Start of Records to use

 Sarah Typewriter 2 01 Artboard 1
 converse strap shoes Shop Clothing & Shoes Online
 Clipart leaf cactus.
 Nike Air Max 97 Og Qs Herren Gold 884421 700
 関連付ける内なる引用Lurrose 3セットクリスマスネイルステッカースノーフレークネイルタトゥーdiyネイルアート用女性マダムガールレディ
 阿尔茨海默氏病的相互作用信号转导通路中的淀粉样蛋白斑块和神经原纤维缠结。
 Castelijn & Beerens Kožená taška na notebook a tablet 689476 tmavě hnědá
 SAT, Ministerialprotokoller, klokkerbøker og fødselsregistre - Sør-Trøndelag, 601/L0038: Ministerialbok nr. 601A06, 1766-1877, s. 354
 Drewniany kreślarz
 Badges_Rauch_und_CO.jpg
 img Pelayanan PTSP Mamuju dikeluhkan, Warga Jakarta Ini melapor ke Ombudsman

End of Records to use

Going line by line, copy the data above exactly.

 Sarah Typewriter 2 01 Artboard 1
 converse strap shoes Shop Clothing & Shoes Online
 Clipart leaf cactus.
 Nike Air Max 97 Og Qs Herren Gold 884421 700
 関連付ける内なる引用Lurrose 3セットクリスマスネイルステッカースノーフレークネイルタトゥーdiyネイルアート用女性マダムガールレディ
 阿尔茨海默氏病的相互作用信号转导通路中的淀粉样蛋白斑块和神经原纤维缠结。
 Castelijn & Beerens Kožená taška na notebook a tablet 689476 tmavě hnědá
 SAT, Ministerialprotokoller, klokkerbøker og fødselsregistre - Sør-Trøndelag, 601/L0038: Ministerialbok nr. 601A06, 1766-1877, s. 354
 Drewniany kreślarz
 Badges_Rauch_und_CO.jpg
 img Pelayanan PTSP Mamuju dikeluhkan, Warga Jakarta Ini melapor ke Ombudsman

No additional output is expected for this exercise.